→ **What this task involves**: In the entries below, begin at the line with "Gardening For Complete Beginners book cover" and stop after the line with "Diamond Tennis Bracelet"; output those lines exactly and omit the pictures.
---- Data supplied
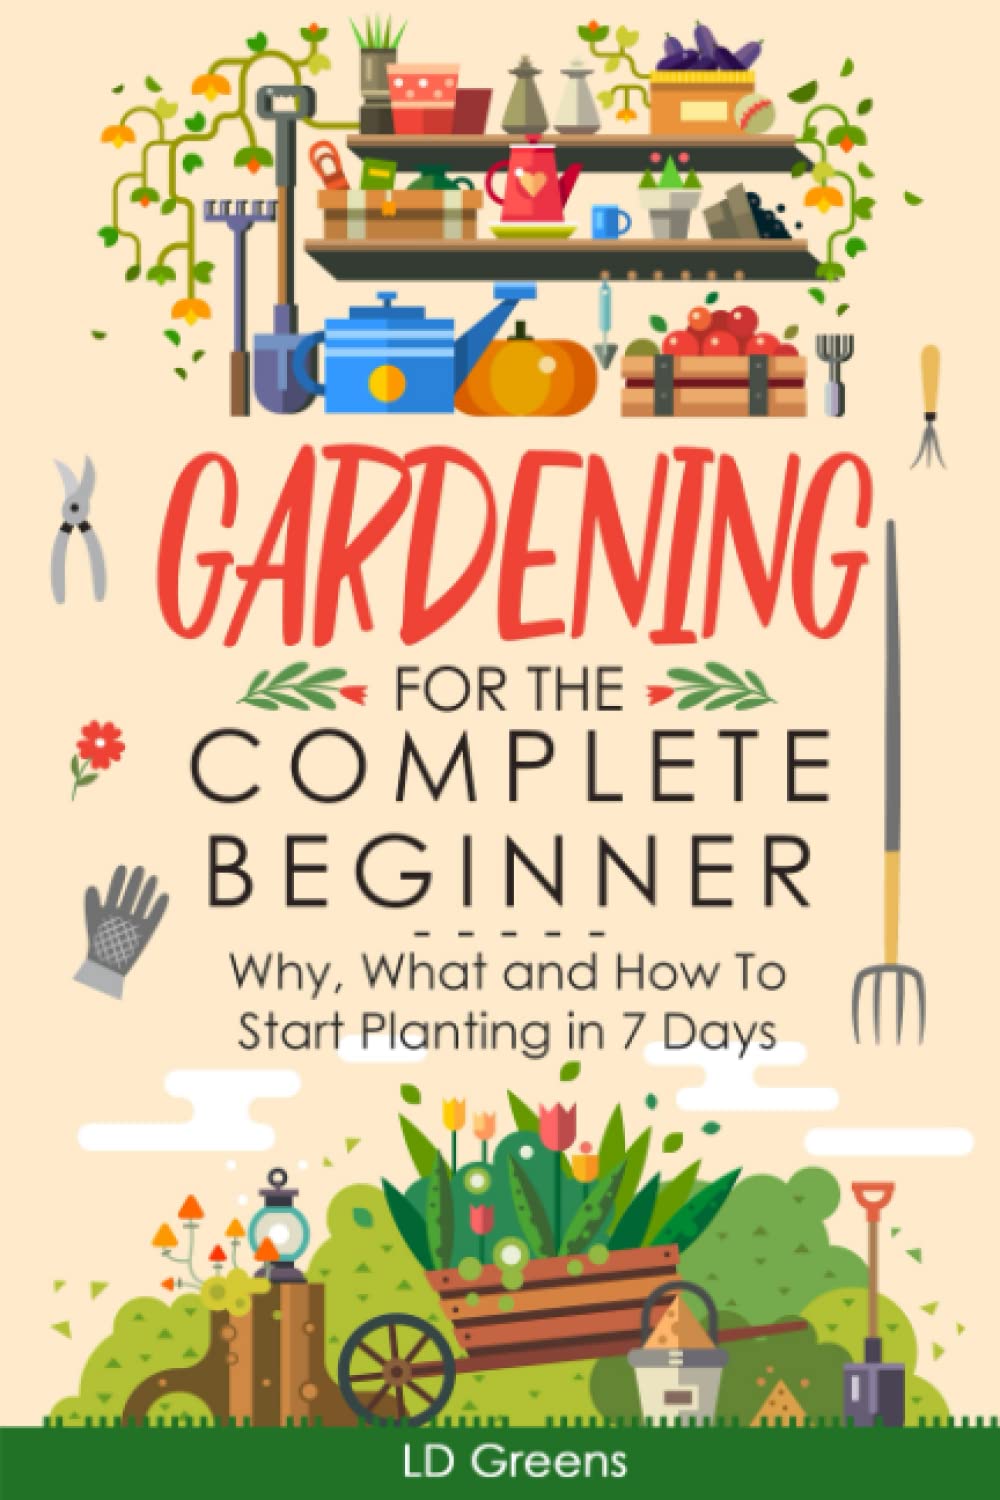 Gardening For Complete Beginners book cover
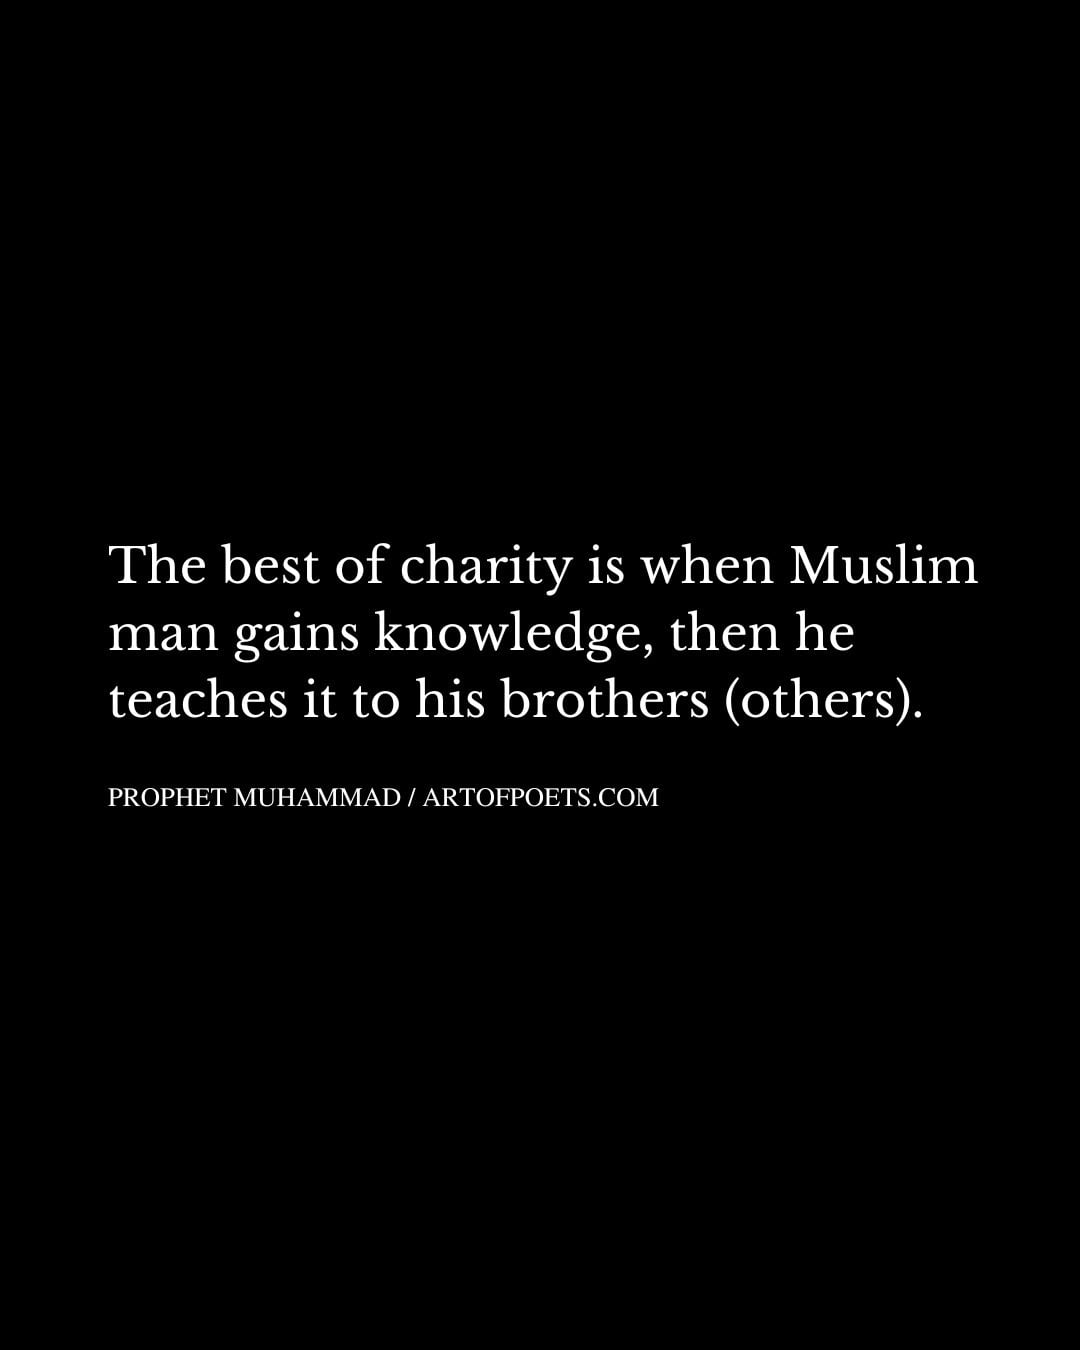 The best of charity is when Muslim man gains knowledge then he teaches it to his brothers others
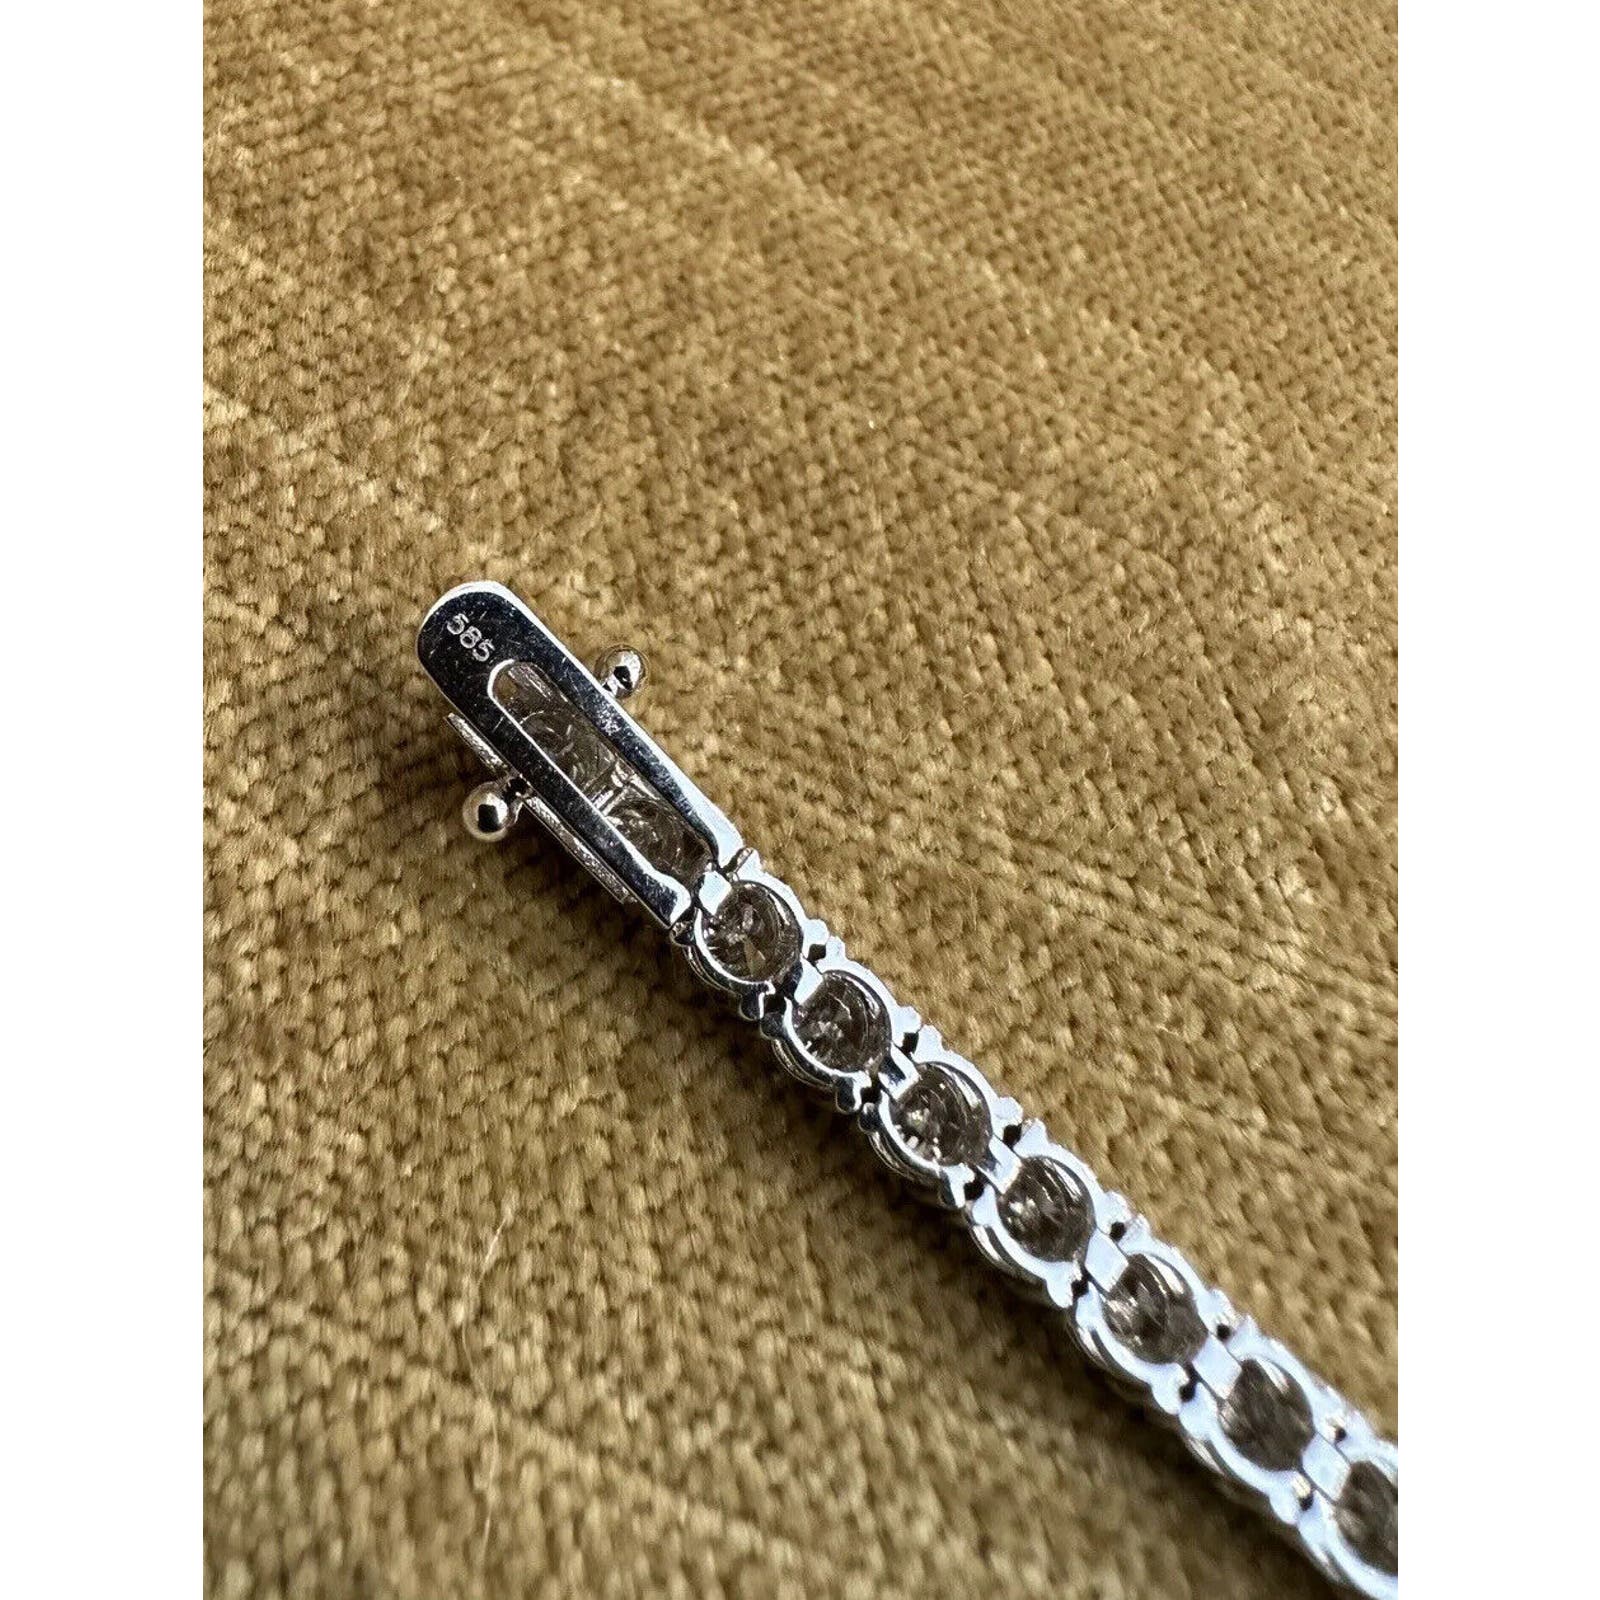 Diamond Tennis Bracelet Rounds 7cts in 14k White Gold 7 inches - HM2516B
--------
---- Data supplied
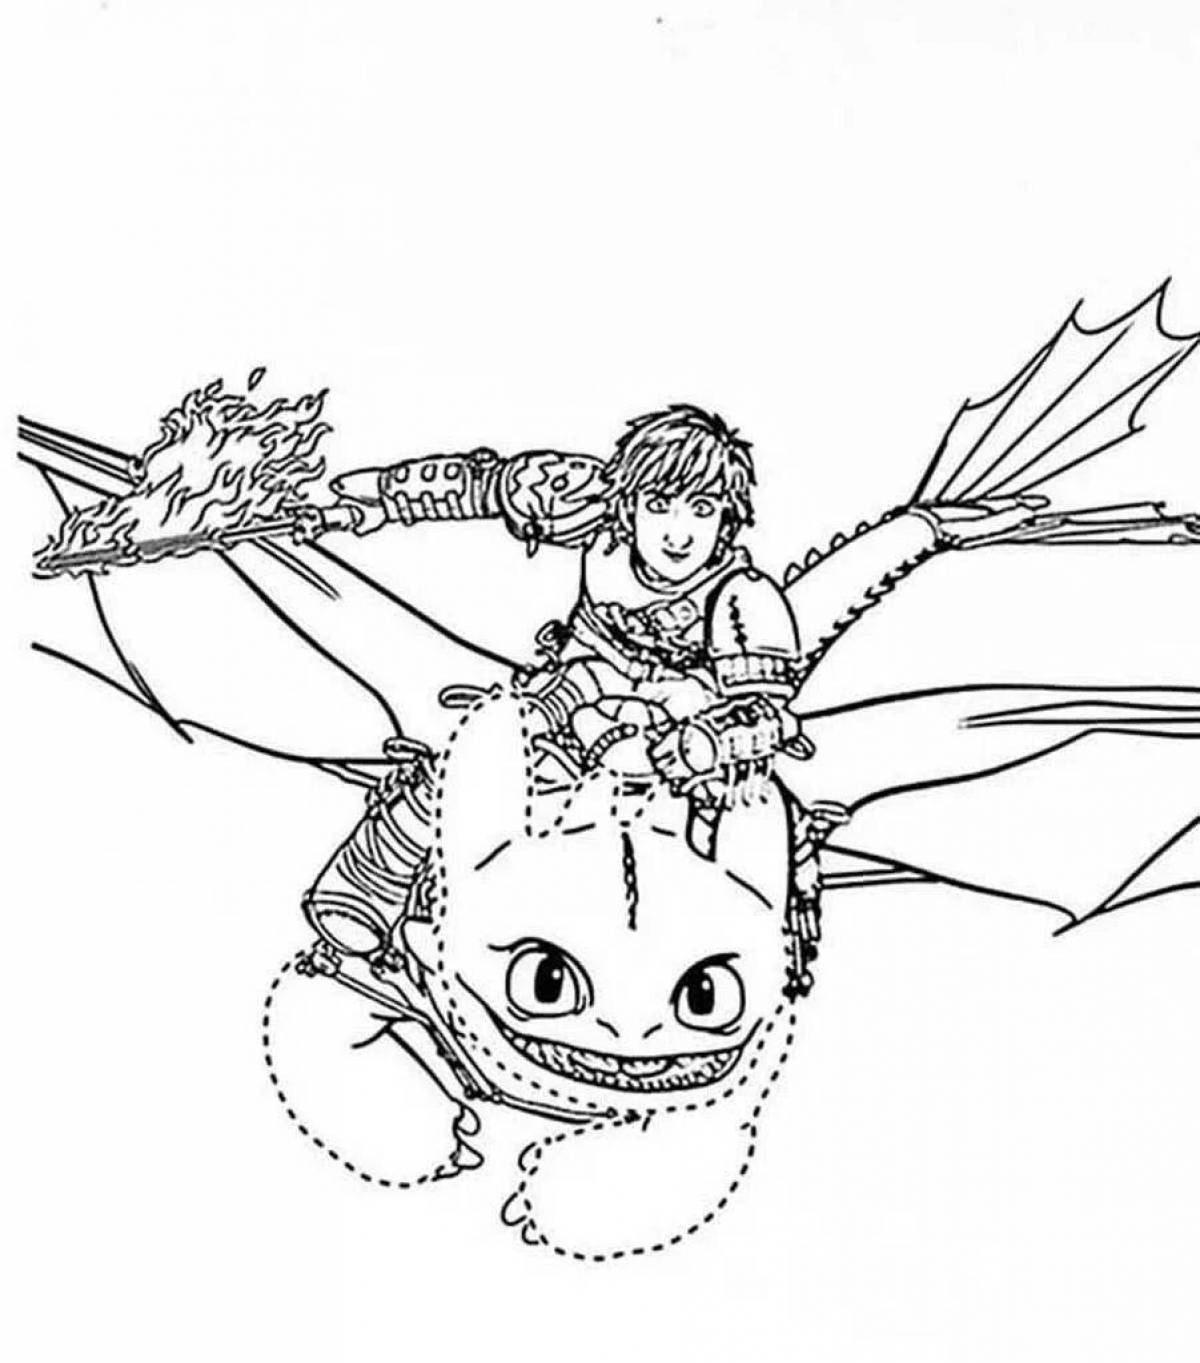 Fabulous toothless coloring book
--------
→ **Answer section**:
 Gardening For Complete Beginners book cover
 The best of charity is when Muslim man gains knowledge then he teaches it to his brothers others
 Diamond Tennis Bracelet Rounds 7cts in 14k White Gold 7 inches - HM2516B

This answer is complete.